British Premier League

Examining the differences in SPI among British teams confirms the polarization evident in the above joy plots. About six teams (Manchester United through Liverpool) are competitive with one another. The rest of the league teams are competitive with each other. But the top six teams are far removed from the rest of the pack.

ggplot(pairs%>%filter(team.a != team.b & league == 'England - Premier League'), 
       aes(reorder(team.a, desc(spi.a)), reorder(team.b, desc(spi.b)), fill = spi_diff))+
  geom_tile()+
  theme_yaz(base_size = 10)+
  scale_fill_continuous(name = 'Difference\nin SPI', low = yaz_cols[3], high = yaz_cols[4])+
  theme(axis.text.x = element_text(angle = 90),
        legend.position = 'right', legend.direction = 'vertical')+
  labs(title = 'Difference in SPI by Team-Pair',
       x = element_blank(),
       y = element_blank(),
       subtitle = 'SPI Calculated by FiveThirtyEight for 20 BPL Teams',
       caption = 'projects.fivethirtyeight.com/global-club-soccer-rankings/')

US — Major League Soccer

MLS teams are much less polarized. The bulk of the heatmap is greenish — indicating that most teams aren’t that different from one another in terms of SPI. If there is a standout team, it’s Toronto FC.

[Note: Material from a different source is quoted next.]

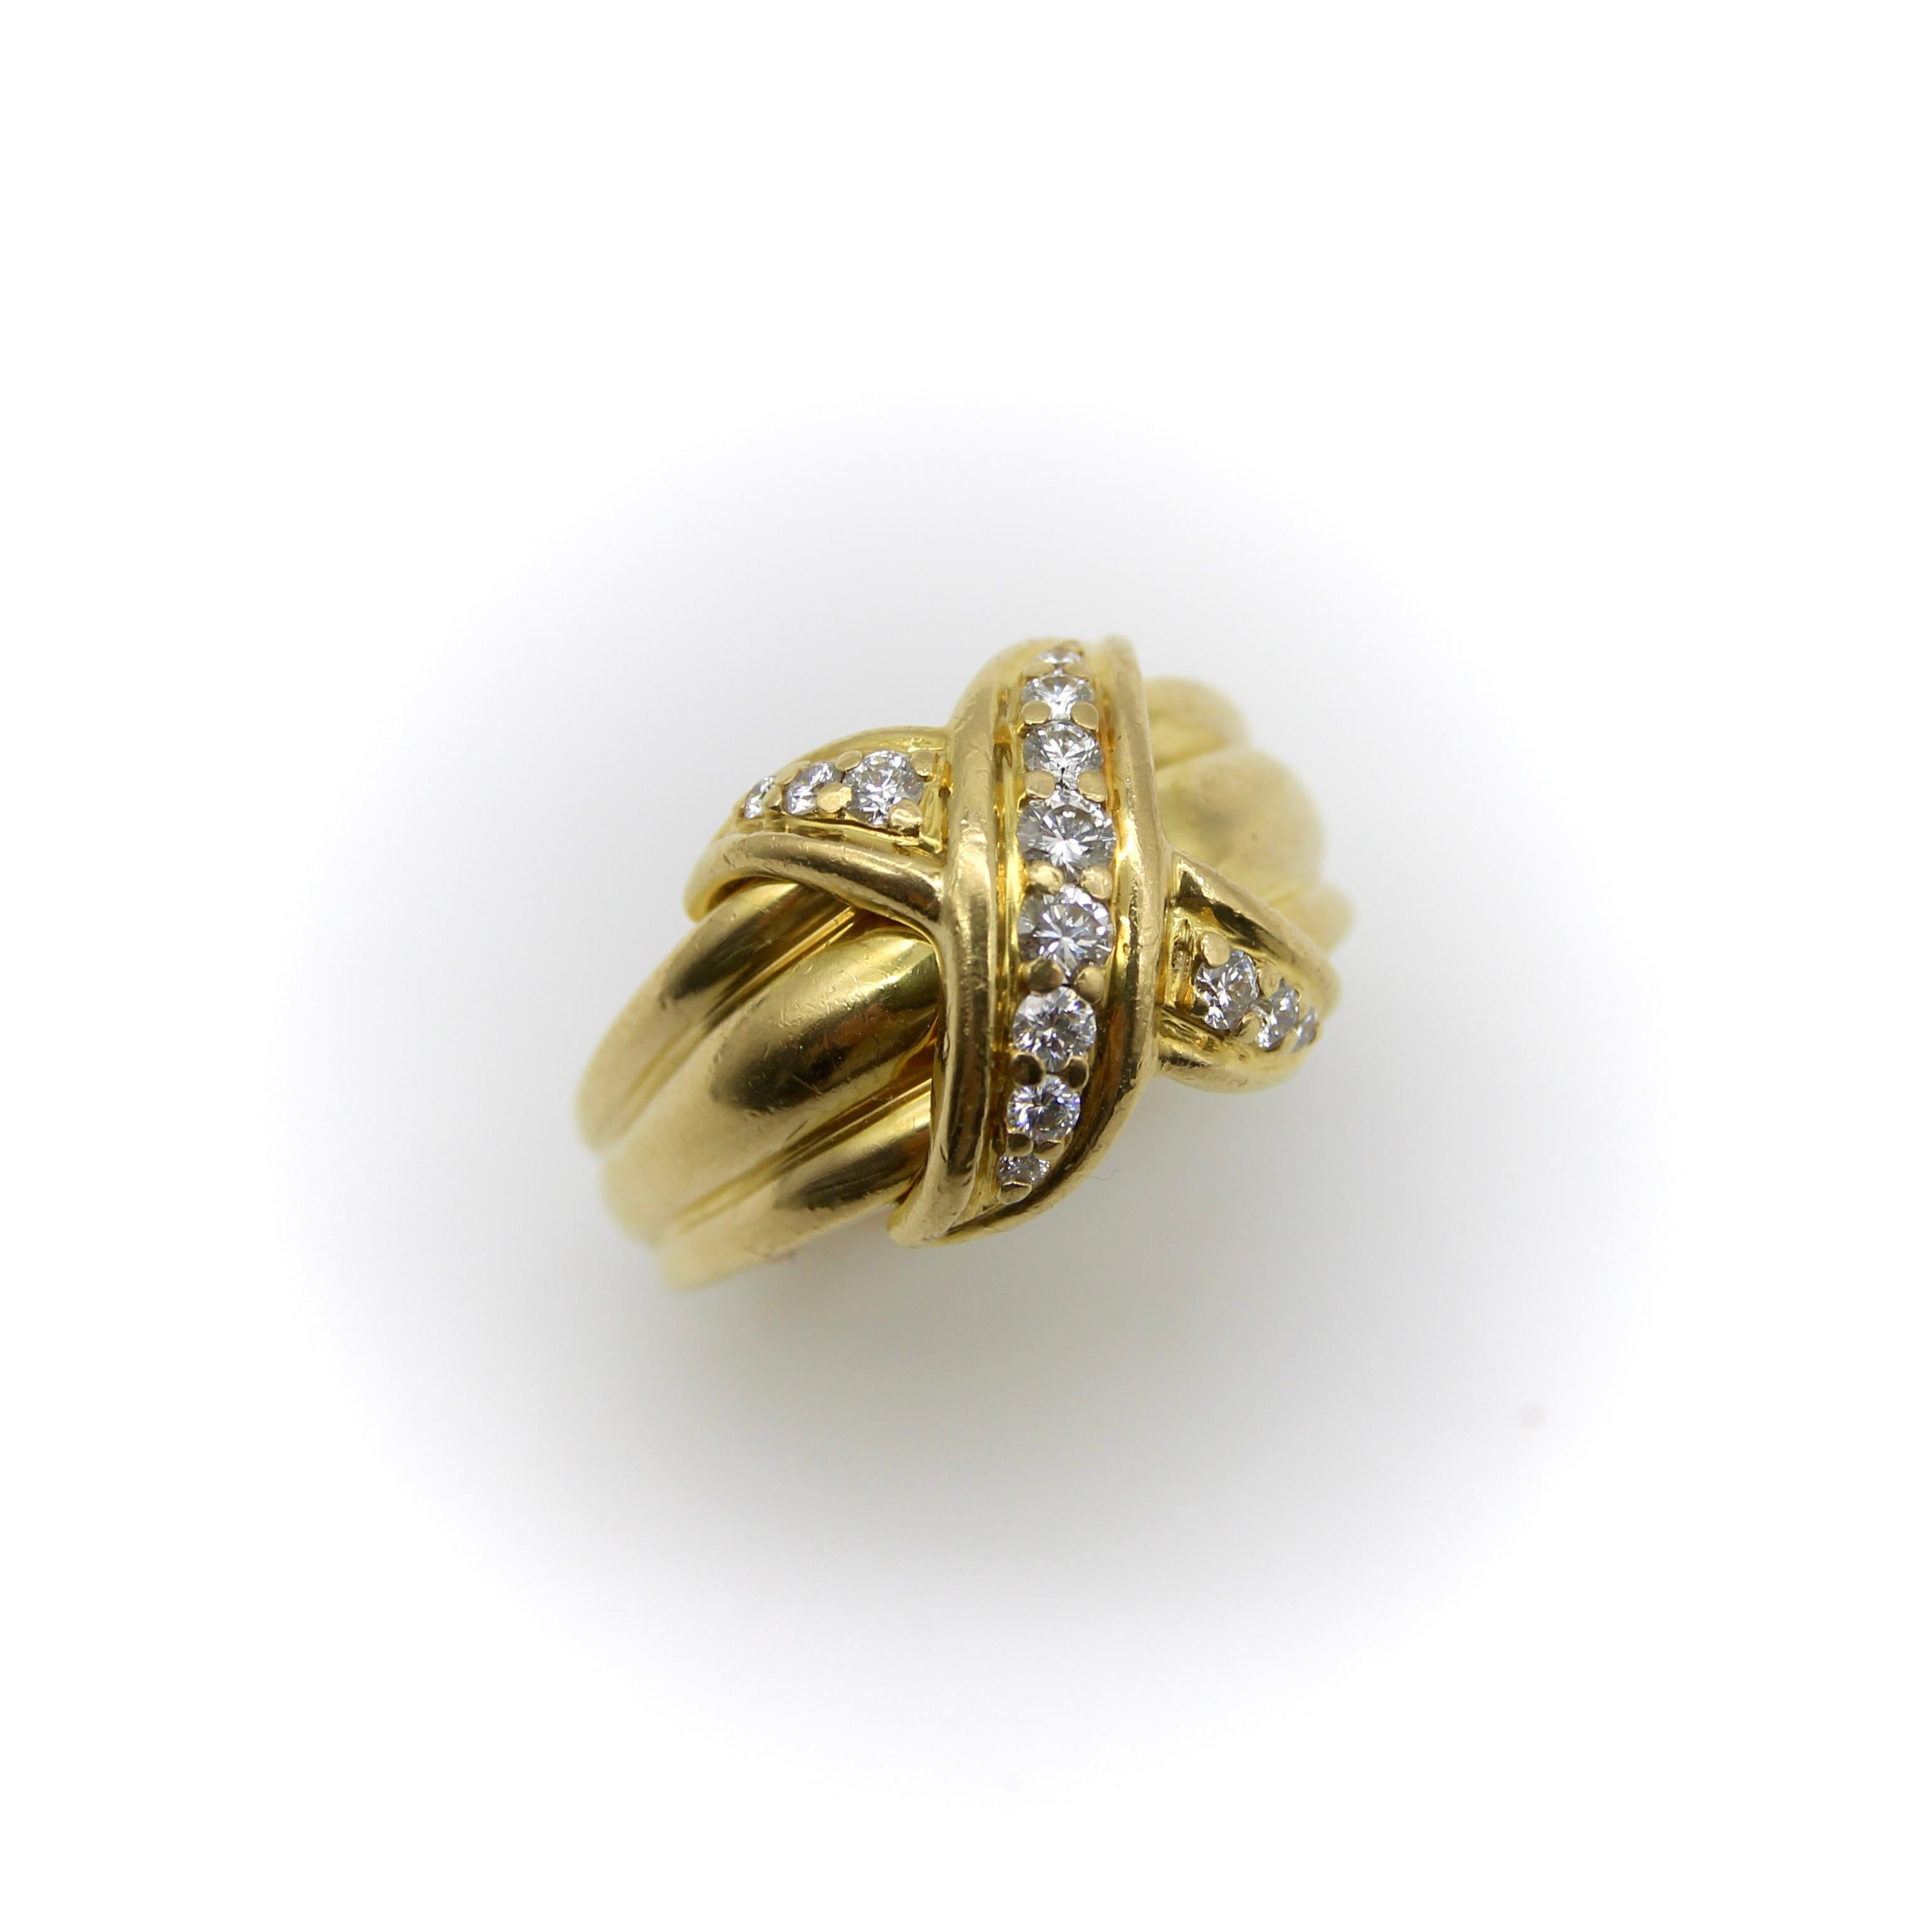 Tiffany & Co.’s signature classic “X” ring was designed by Jean Schlumberger, who famously described his aesthetic by saying “I try to make everything look as if it were growing, uneven, at random, organic, in motion.” In this 18k gold ring, a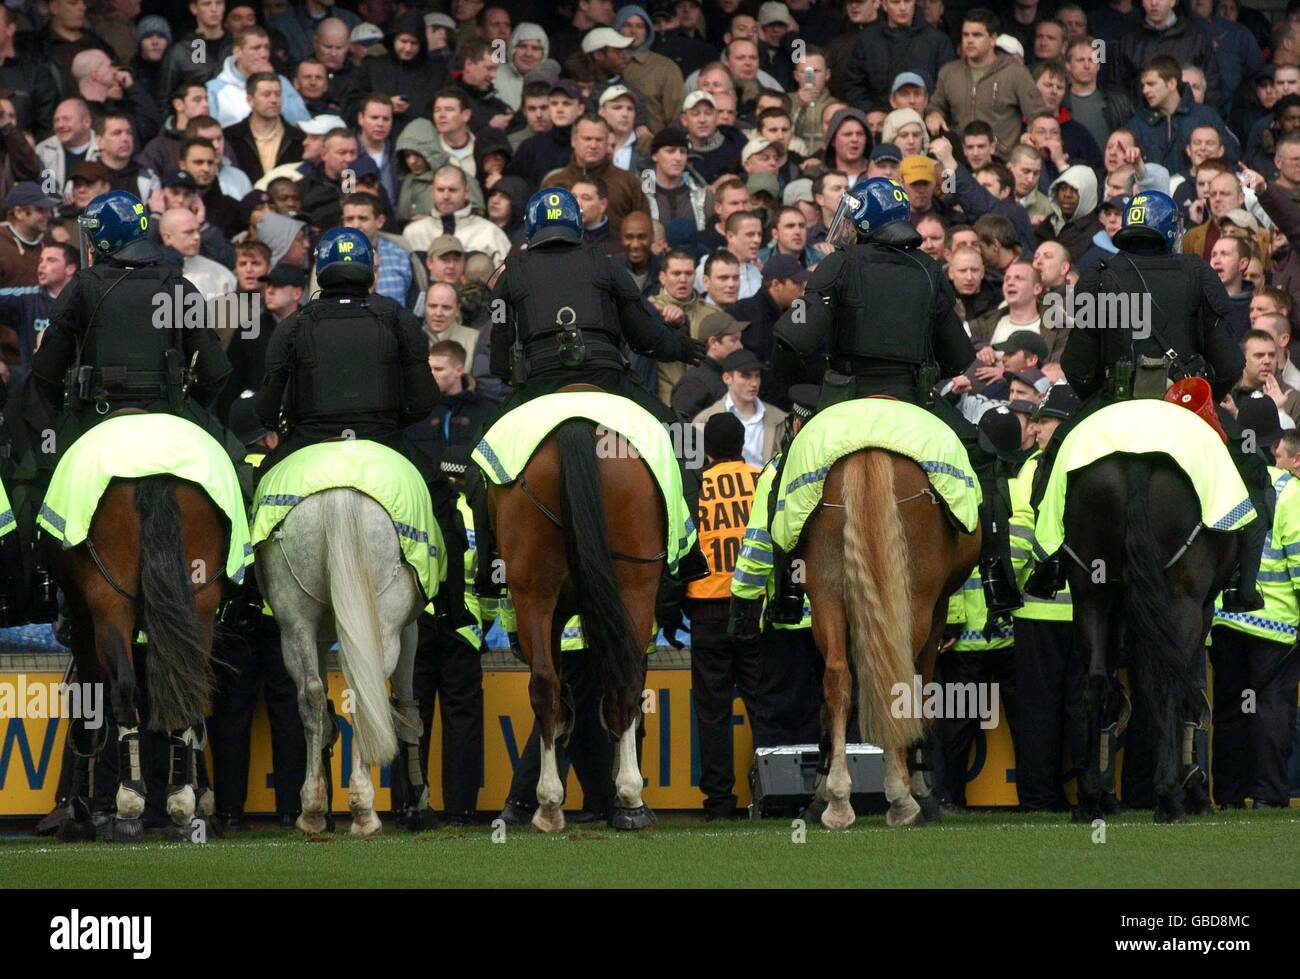 Soccer - Nationwide League Division One - Millwall v West Ham United. Police horses contain the West Ham fans Stock Photo

ggplot(pairs%>%filter(team.a != team.b & league == 'USA - Major League Soccer'), 
       aes(reorder(team.a, desc(spi.a)), reorder(team.b, desc(spi.b)), fill = spi_diff))+
  geom_tile()+
  theme_yaz(base_size = 10)+
  scale_fill_continuous(name = 'Difference\nin SPI', low = yaz_cols[3], high = yaz_cols[4])+
  theme(axis.text.x = element_text(angle = 90),
        legend.position = 'right', legend.direction = 'vertical')+
  labs(title = 'Difference in SPI by Team-Pair',
       x = element_blank(),
       y = element_blank(),
       subtitle = 'SPI Calculated by FiveThirtyEight for MLS Teams',
       caption = 'projects.fivethirtyeight.com/global-club-soccer-rankings/')

Conclusion

If you’re deciding which leagues might be most exciting to watch, one way to make that judgement is to compare SPI to differences in SPI. Ideally, I want to watch competitive soccer with good teams.

league.sum <- pairs%>%
  group_by(league)%>%
  summarise(med.spi = median(spi.a),
            med.dif = median(spi_diff))
ggplot(league.sum, aes(med.dif, med.spi, label = league))+
  geom_text(size = 3)+
  theme_yaz()+
  labs(x = 'Median Pairwise SPI-Difference',
       y = 'Median SPI Rating',
       title = 'Competitiveness vs. Quality by League',
       caption = 'projects.fivethirtyeight.com/global-club-soccer-rankings/')

The teams in the top-left quadrant of the Competitiveness by League plot have the highest SPI ratings and the lowest differences between them. Spain’s La Liga, and Germany’s Bundesliga are the most exciting leagues to watch by this criteria. That doesn’t mean there won’t be fun games to watch from the British Premier League or MLS, but the best balances of competition and fun come from Germany and Spain right now.